Fig. 5. Prediction of sample CNA using cfDNA methylome.

   [213]Fig. 5
   [214]Open in a new tab

   A Predicted CNA coverage in localized samples from the CPC and mCRPC
   samples from the VPC cohorts. Two-sided Mann-Whitney U test was used to
   calculate pairwise P values. Box plots represent median values and 0.25
   and 0.75 quantiles. Whiskers represent 1.5× IQR. X = 30, and 67
   independent experiments for the CPC and VPC cohorts, respectively. B
   Correlation between the predicted CNA coverage and %ctDNA in mCRPC
   samples from the VPC cohorts. C Comparison of gene CNA between standard
   status obtained from previous panel sequencing^[215]11 and predicted
   results from cfMeDIP-seq data for the top 10 samples with the highest
   CNA coverage. Source data for F5A-B are provided as a Source Data file.

Table 1.

   The performance and accuracy of CNA prediction in mCRPC samples from
   the VPC cohort
            Precision Specificity Sensitivity  F1
   Gain     0.66      0.98        0.53        0.59
   Neutral  0.88      0.49        0.96        0.92
   Loss     0.82      0.99        0.44        0.58
   Mean     0.79      0.82        0.65        0.70
   Accuracy 0.86
   [216]Open in a new tab

Discussion

   In this work, we provide a genome-wide methylation analysis using the
   cell-free DNA isolated from the plasma of patients with localized and
   metastatic PCa. While the cfDNA methylation profile has been
   extensively studied using targeted analysis for early-stage,
   non-metastatic PCa^[217]10,[218]49, evaluation in the advanced,
   metastatic disease at the genome scale is still sparse^[219]10,[220]49.
   The mCRPC samples were collected from three independent studies. Using
   a subset of the data, we built a predictor to distinguish localized
   from metastatic samples that can be generalized to the remaining
   dataset. We achieved consistent high prediction accuracy on the three
   independent cohorts, suggesting that the methylation profiles are
   indeed capturing common features shared among mCRPCs. Considering the
   highly heterogeneous nature of mCRPCs, such consistent and highly
   sensitive performance is of particular interest and suggests potential
   clinical utility, such as early detection of oligometastasis.
   Oligometastatic disease is increasingly recognized as an independent
   state with low-volume metastasis^[221]50. Here, we show the ability of
   the cfDNA methylome in detecting metastasis with very low to
   undetectable levels of genetic alterations, a characteristic likely
   shared with oligometastasis. Specialized effort is needed to explore
   and directly validate its utility in such cases.

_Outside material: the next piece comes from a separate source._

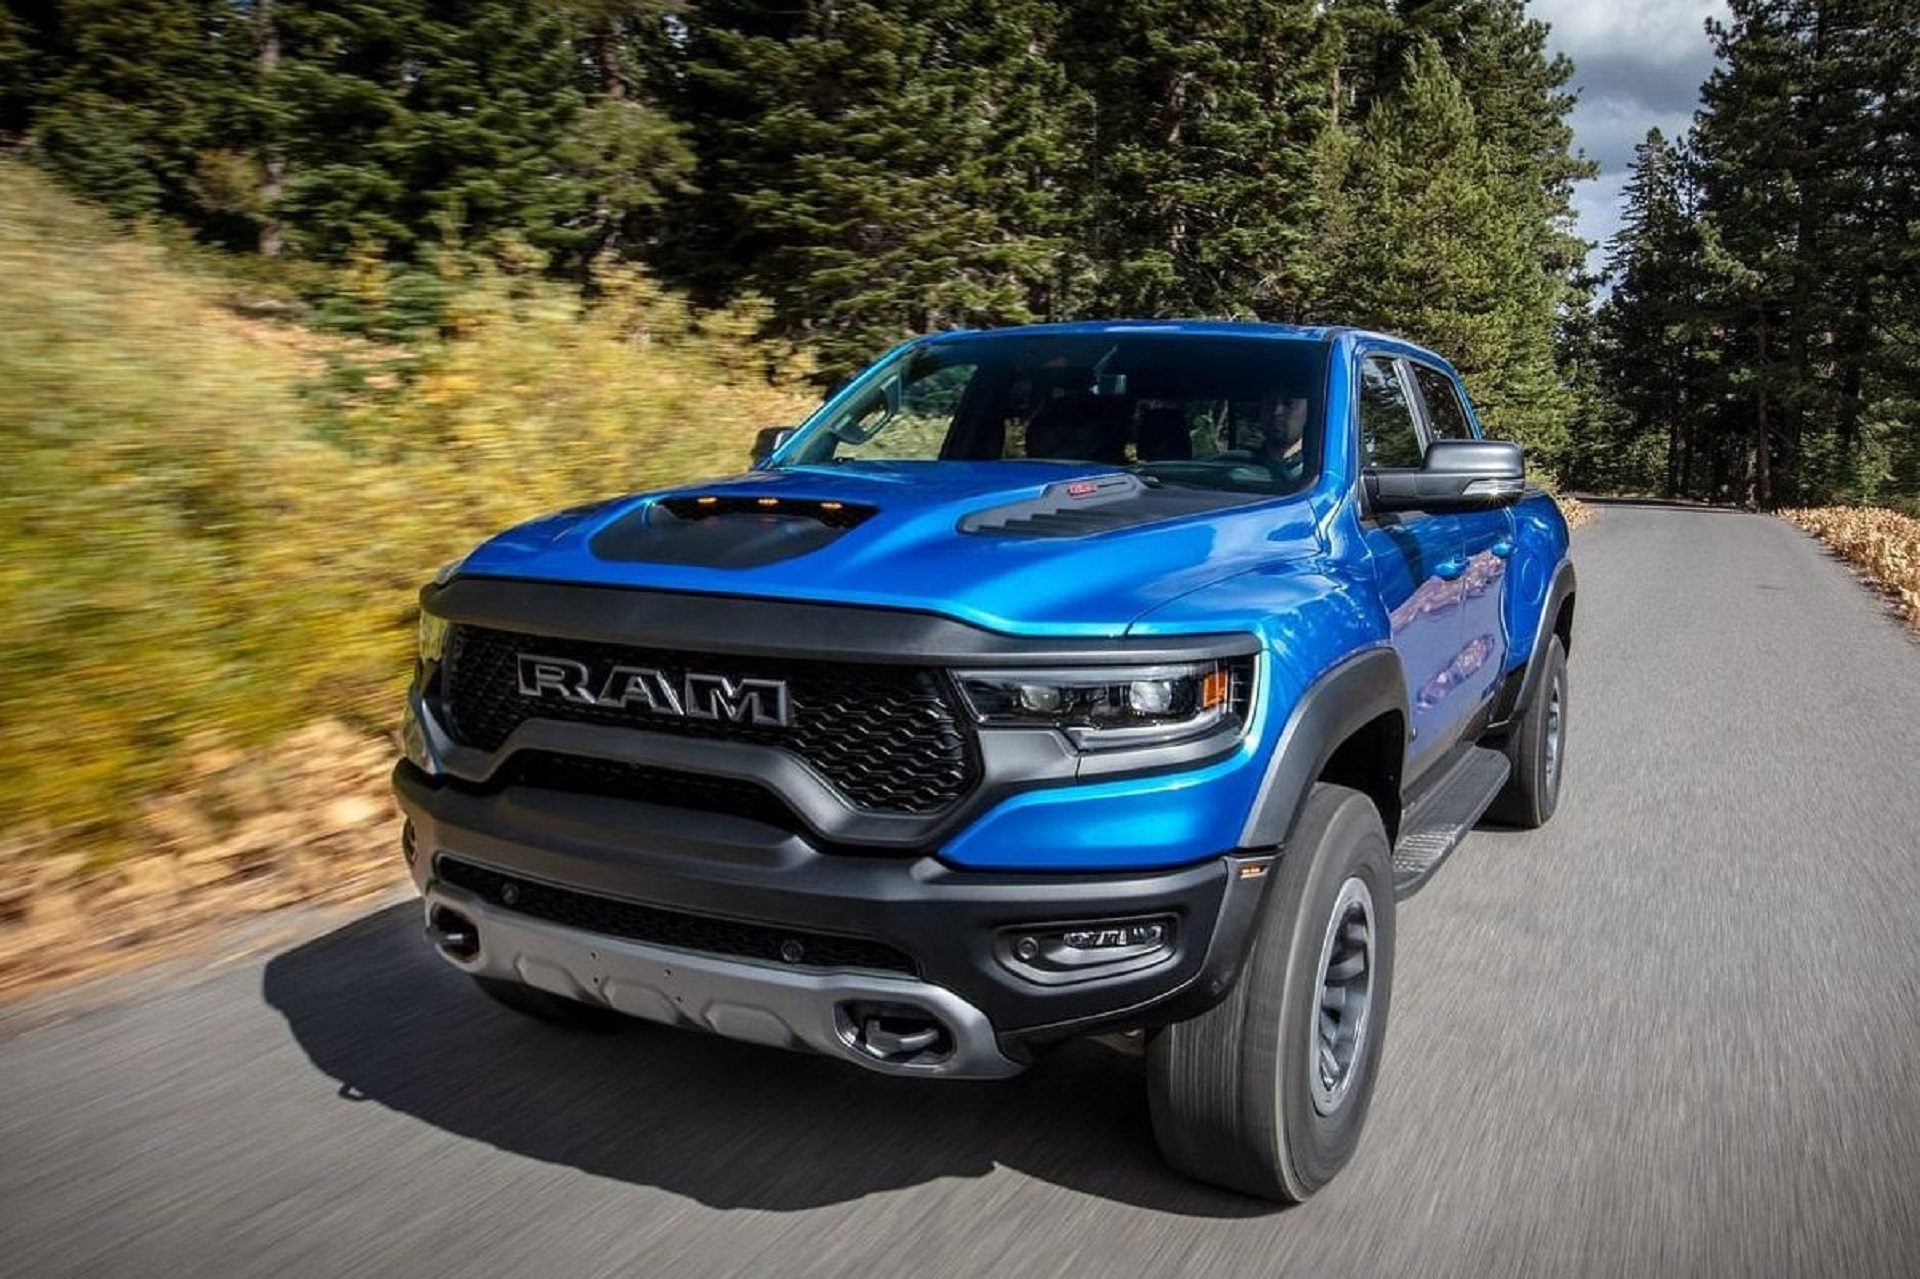 Front-angled view of a blue RAM 1500 TRX

   We observe pervasive hypermethylation in metastasis compared to
   localized PCa. The preponderance of hypermethylation in mCRPC compared
   with localized samples may be disease-specific, as a proportional
   amount of hypo and hyper DMRs has been observed in pancreatic cancer,
   while preponderant hyper DMRs were observed in head and neck squamous
   carcinoma, with the same cfMeDIP-seq method^[222]16,[223]32. These
   sites were enriched in gene promoters, CpG islands, and shores, sharing
   the same feature of frequent hypermethylation observed in the early
   stage of PCa^[224]37,[225]51, suggesting progressive maintenance of
   dysregulated DNA methylation. Such noticeably higher number of
   hypermethylation sites seemingly contradict previous observations of
   global hypomethylation in metastatic PCa^[226]37,[227]51. Several
   factors might contribute to these observed differences: (1) Most early
   studies assess the global methylation changes by analyzing the total
   methylated DNA and the results might not reflect changes at individual
   sites. (2) Different analytical methods might also result in
   paradoxical observations: while a meta-analysis showed that
   hypomethylation is associated with PCa^[228]51, a more recent
   pan-cancer analysis identified more hypermethylated sites^[229]52. (3)
   Complexity of the cfDNA origin in plasma can further contribute to the
   observed disparities. Compared to metastasis, localized cancers are
   known to have lower ctDNA fraction, thus comparisons of plasma samples
   are likely to simultaneously capture differences between normal and
   tumorous tissues. Despite the overall consistency observed between
   tissue and cell-free methylomes, such disparities highlighted the need
   to directly analyze the cell-free methylomes.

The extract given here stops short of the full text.